## Problem
Using the material below, return exactly the lines between the one holding "Orange, Purple, Green" and the one holding "I Lost.他 収録！_Side2", inclusive, and no others.

## Data to examine
================

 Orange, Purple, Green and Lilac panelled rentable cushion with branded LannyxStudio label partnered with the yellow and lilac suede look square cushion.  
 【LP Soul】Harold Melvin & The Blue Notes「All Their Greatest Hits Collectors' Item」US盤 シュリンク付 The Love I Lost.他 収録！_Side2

================

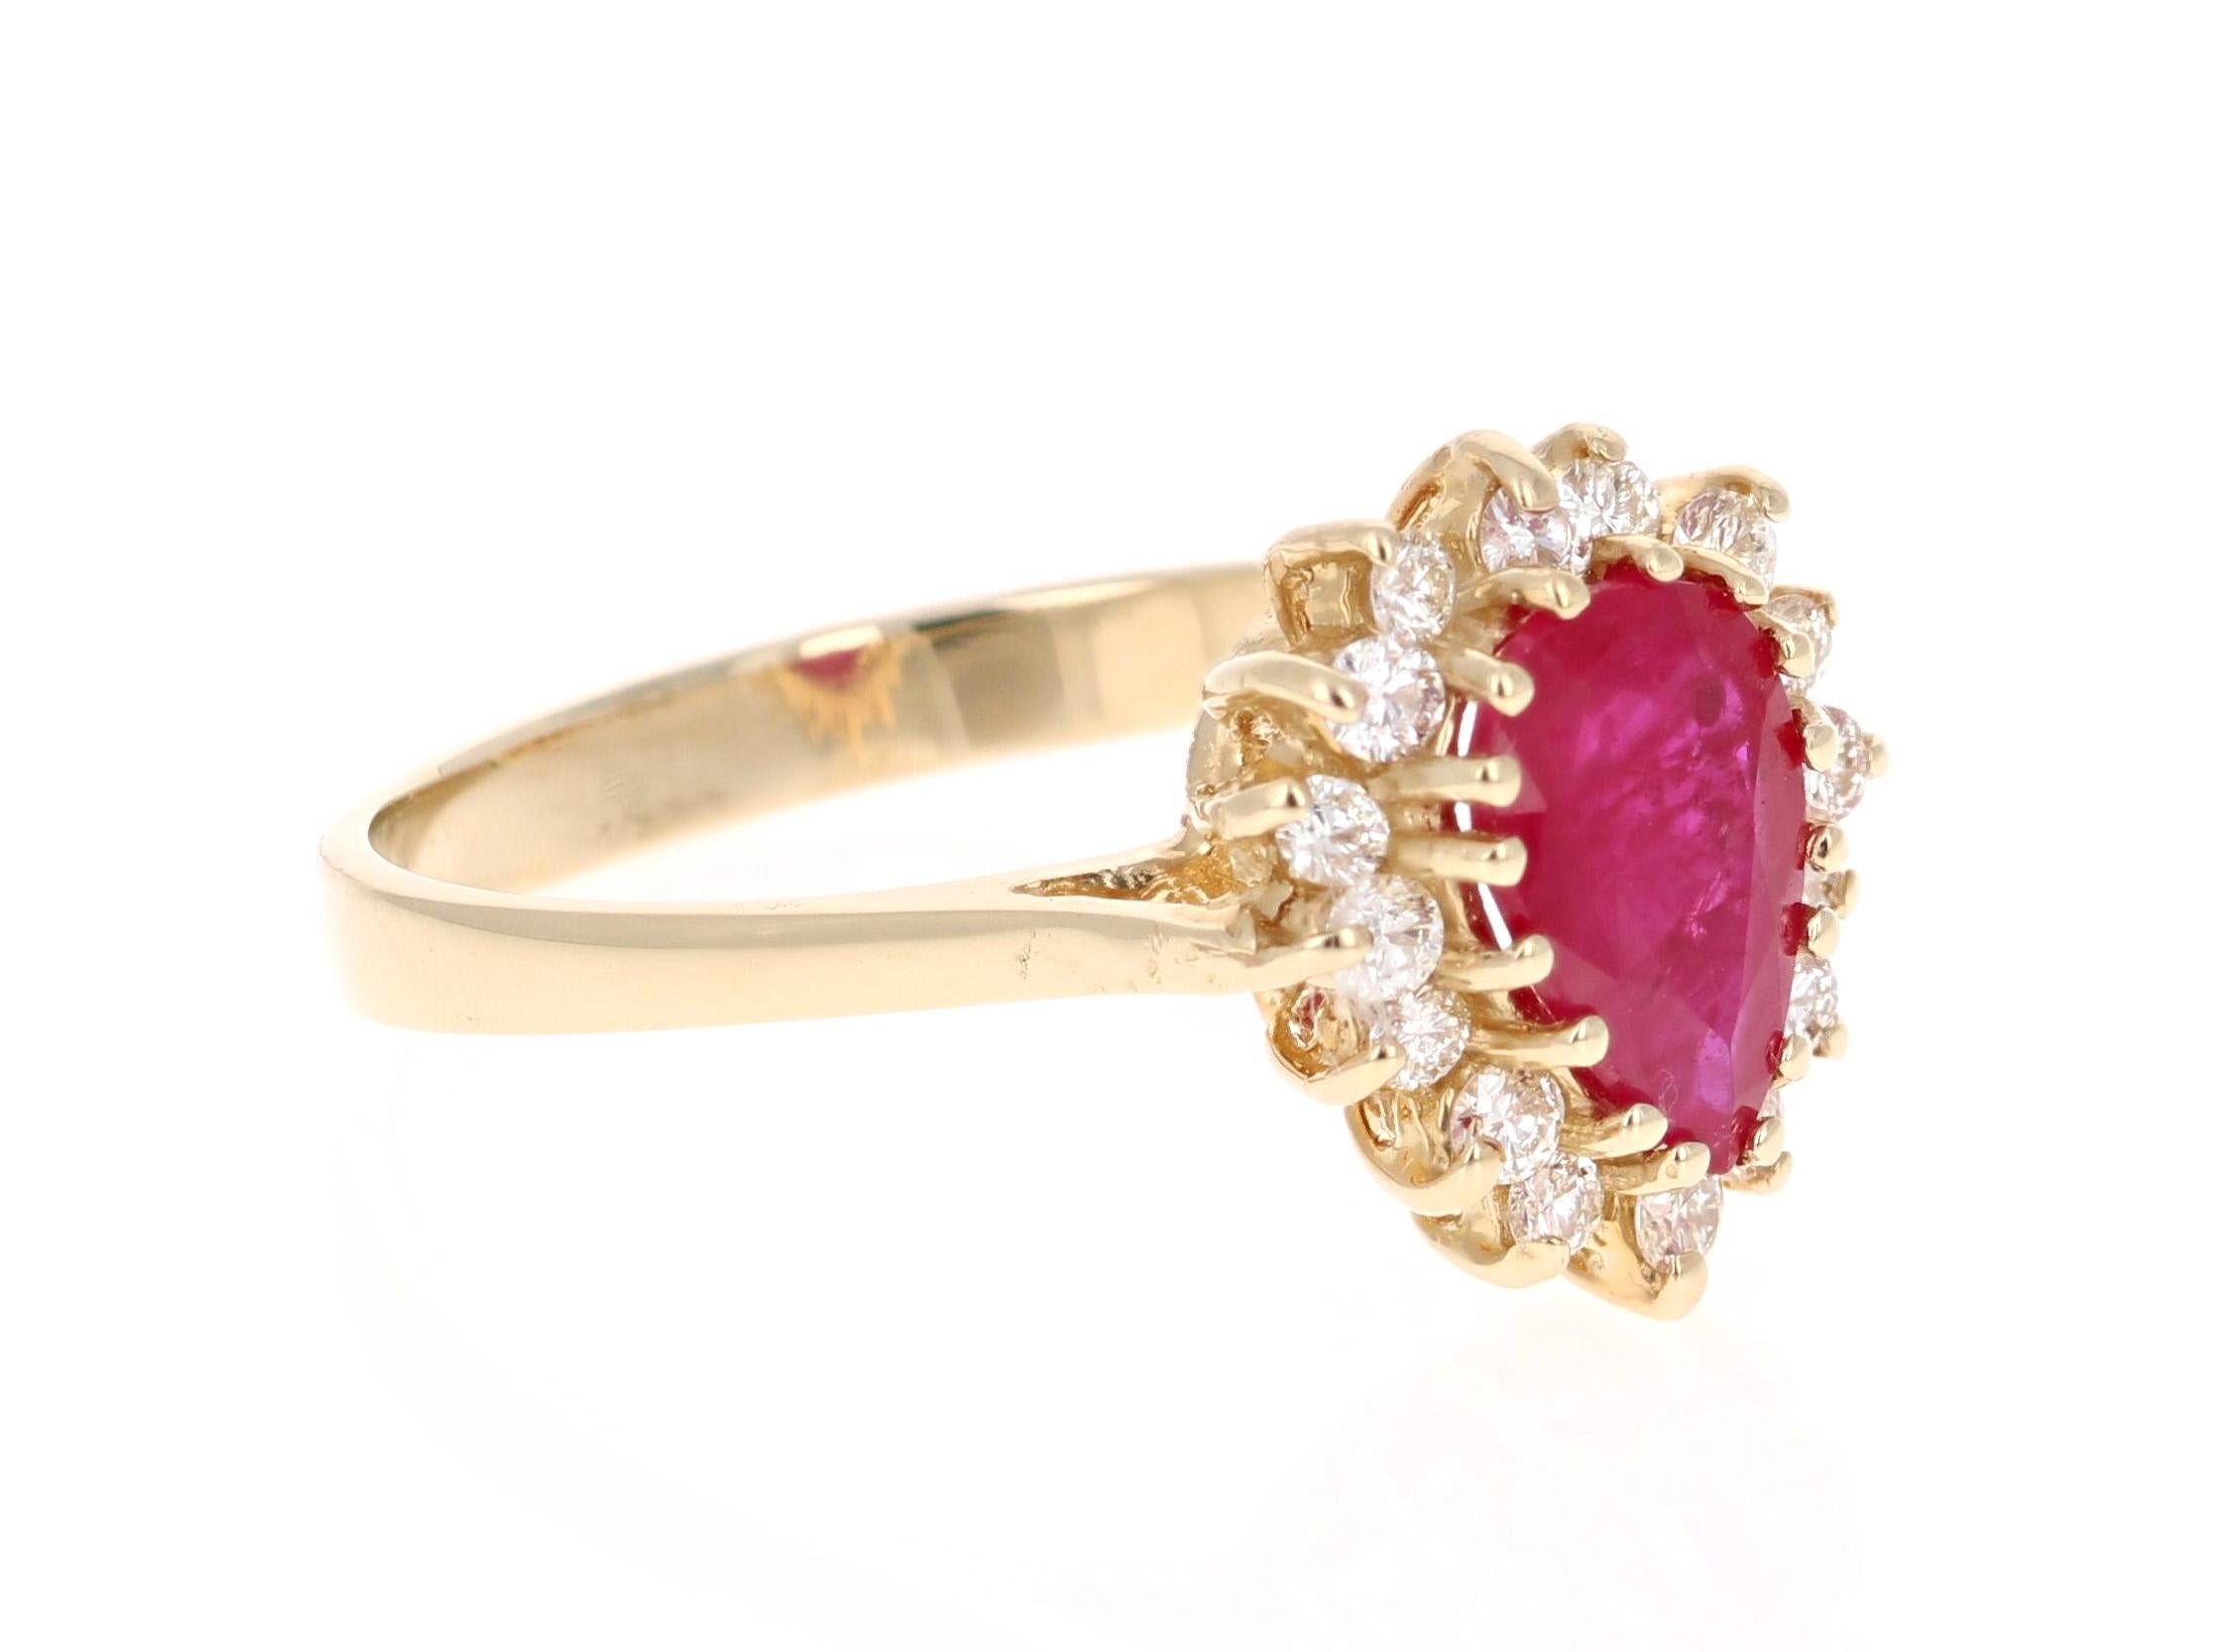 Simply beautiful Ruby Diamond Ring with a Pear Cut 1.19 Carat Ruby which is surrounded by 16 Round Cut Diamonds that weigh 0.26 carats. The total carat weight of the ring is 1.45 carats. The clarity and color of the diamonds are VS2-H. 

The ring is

================

## Written solution
 Orange, Purple, Green and Lilac panelled rentable cushion with branded LannyxStudio label partnered with the yellow and lilac suede look square cushion.  
 【LP Soul】Harold Melvin & The Blue Notes「All Their Greatest Hits Collectors' Item」US盤 シュリンク付 The Love I Lost.他 収録！_Side2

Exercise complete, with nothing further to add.